Uganda's detained opposition leader was expected to appear before a military tribunal and a civilian court Monday for the start of two trials on charges that could result in a death sentence. But Kizza Besigye's lawyers said they would not join him at the military court because Uganda's High Court has ordered it to suspend the proceeding. Besigye, the first credible challenger to President Yoweri Museveni's 19-year rule, was detained on Nov. 14 and charged with treason and rape in a civilian court. He had returned from self-imposed exile to run for president in next year's election.
He later was also accused of terrorism and illegal possession of firearms in a military court that is controlled by trusted aides to Museveni. If convicted on terrorism or treason charges, he could face the death penalty.
On Dec. 2, the High Court ordered the military to suspend its trial until the Constitutional Court, the nation's highest court, rules on whether the proceeding is legal. Hearings for the first of two constitutional challenges are expected to begin Tuesday.

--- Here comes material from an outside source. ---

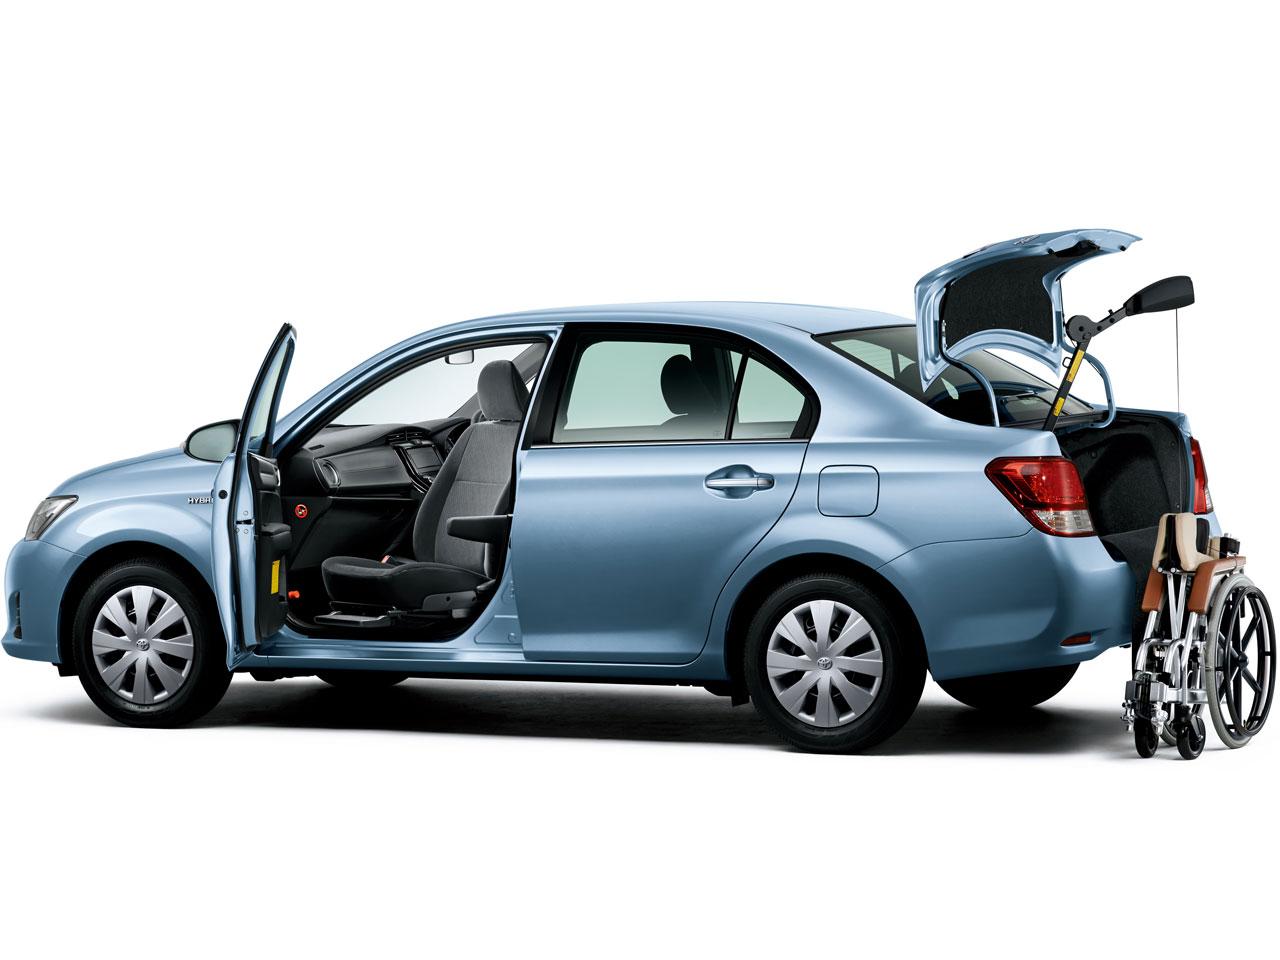 トヨタ カローラ アクシオ 福祉車両 2012年モデル 新車画像

But army spokesman Maj. Felix Kulayigye said Saturday that the army will go ahead with the trial because the High Court and the military's General Court Martial that will try him Monday have equal powers.

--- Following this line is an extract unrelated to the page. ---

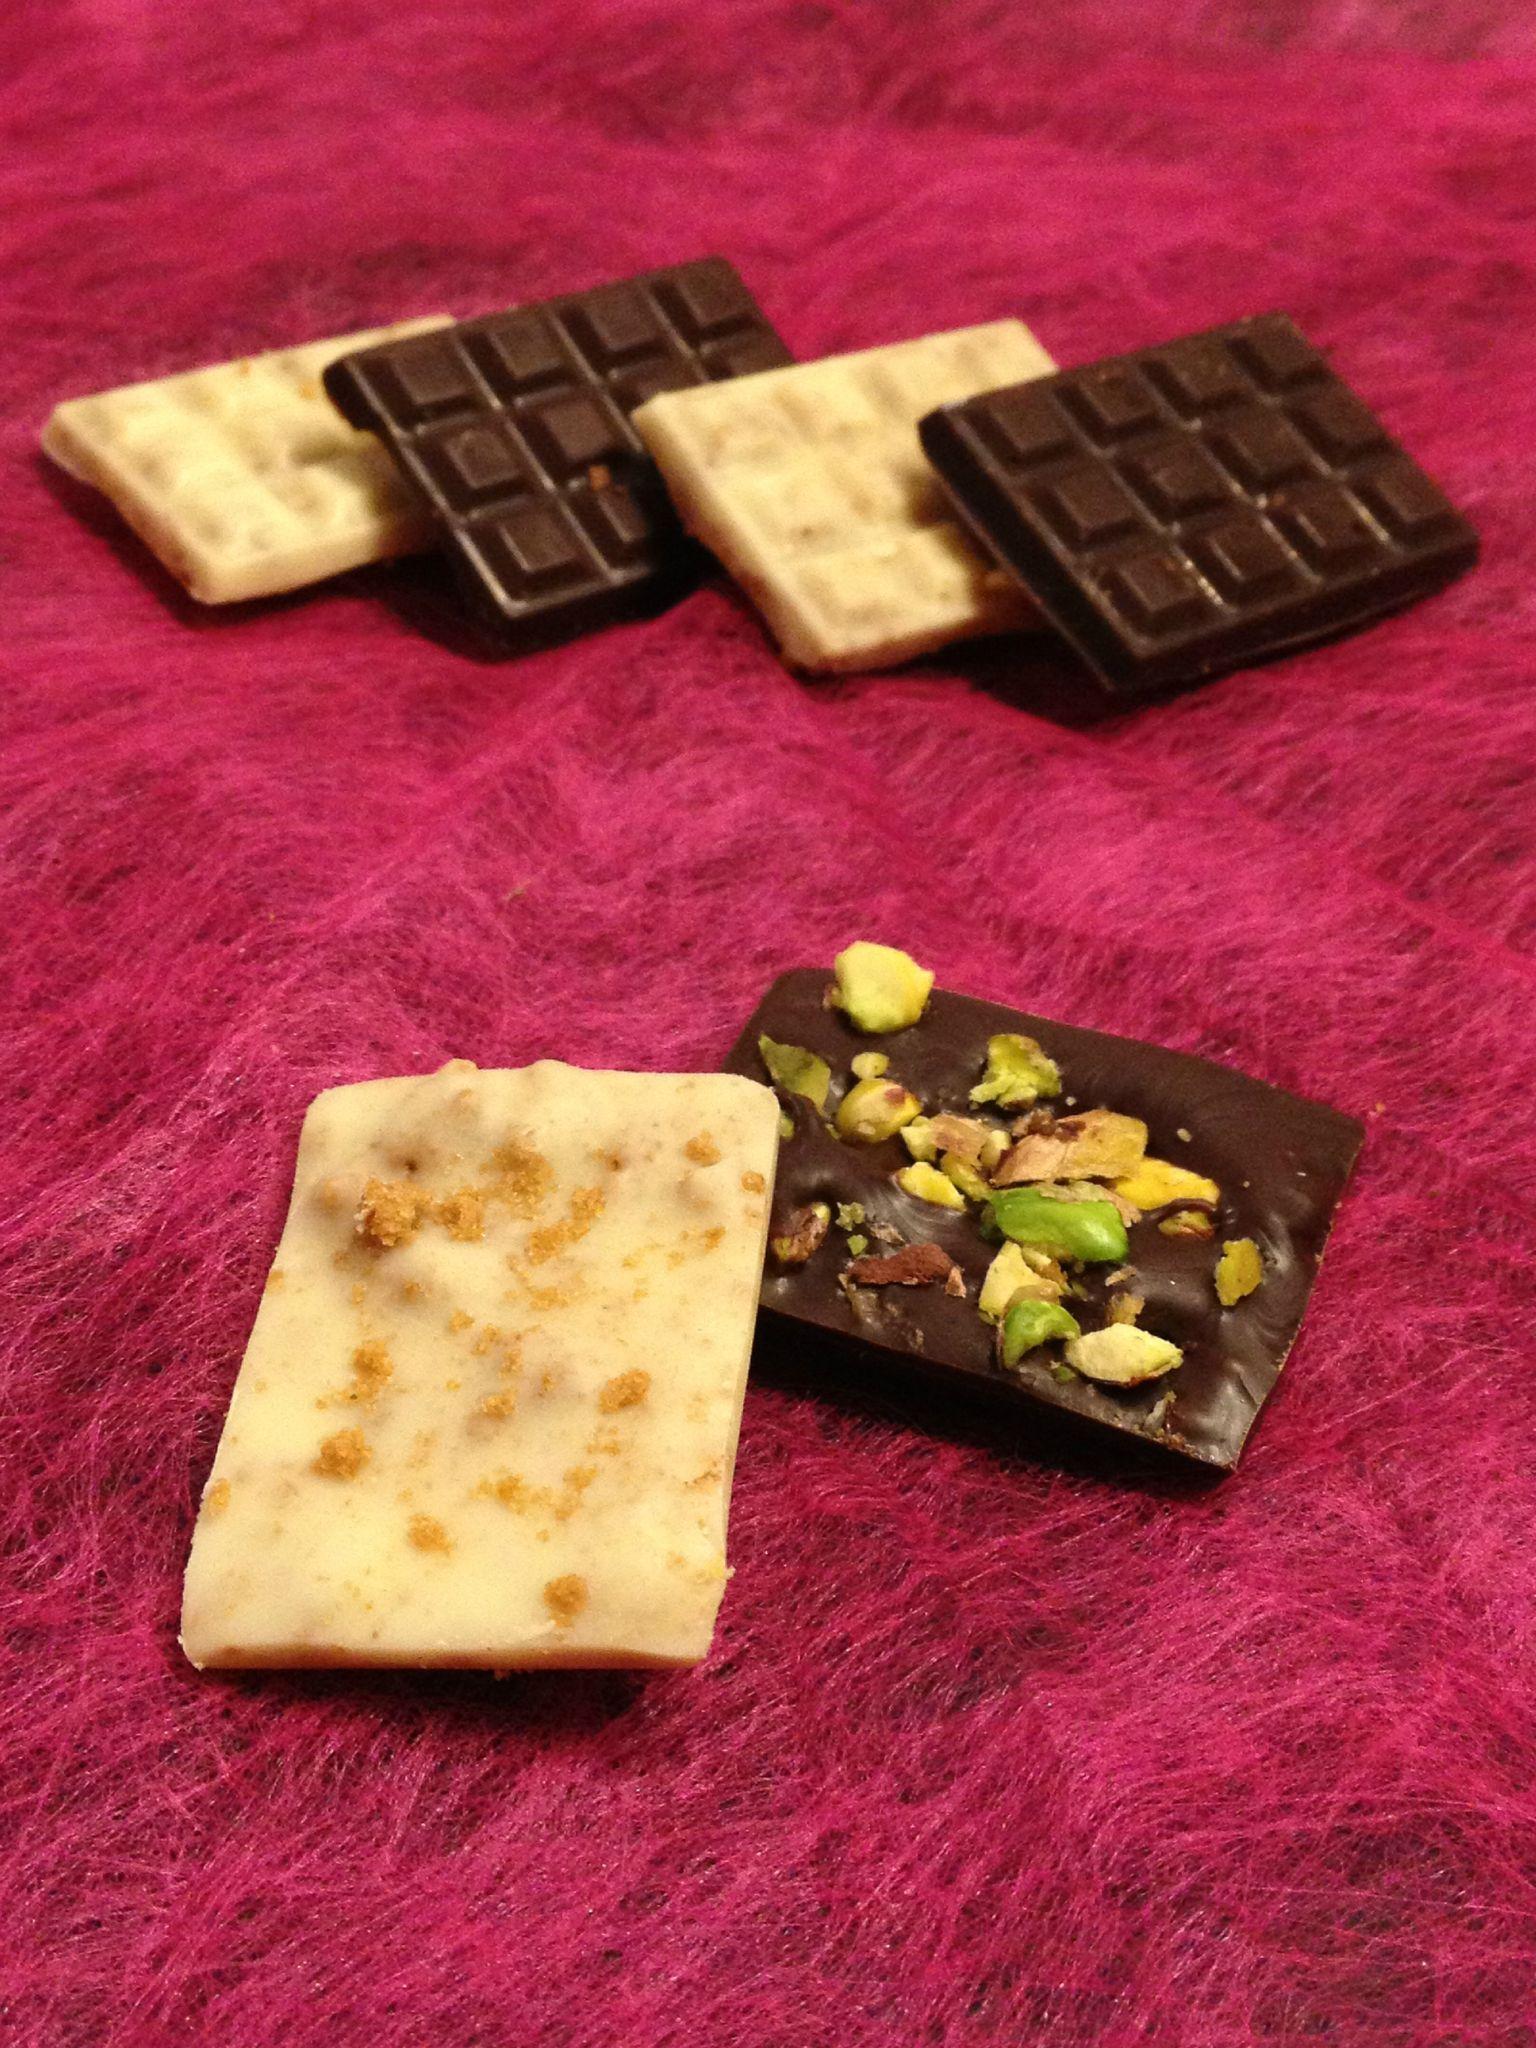 Minis Tablettes Au Chocolat - Quand Super Maman Cuisine concernant Tablette Chocolat Dessin

Defense lawyer Yusuf Nsibambi disagreed. He said the court martial has powers to hear charges stemming from the law that regulates the function and conduct of the Ugandan People's Defense Forces. But Besigye and 22 co-defendants are charged with offenses not covered by the act regulating the military, Nsibambi said.
"We do not want to be part of those proceedings. If they proceed with the hearing at the court martial, it will be in bad faith because the High Court has already suspended those proceedings," Nsibambi told The Associated Press. "We do not want to lend legitimacy to the proceedings." he said.
"We are not just stubborn. It is really a question of jurisdiction," he said. Besigye, a doctor, has been nominated to run against Museveni, his former ally and patient, in elections set for Feb. 23. His wife, supporters and lawyers say the timing of the charges was intended to prevent him from campaigning effectively and ultimately eliminate him from the presidential race. "The alleged offenses (at the civilian and military courts) are based on the same alleged facts ... that is double jeopardy, really. It is persecution," Nsibambi said.
On Sunday, Besigye's wife and defense lawyers protested that prison officials have curtailed his right to confidential access to lawyers and insist on reading all documents that attorneys take to him during preparation for his trial, reports the AP. I.L.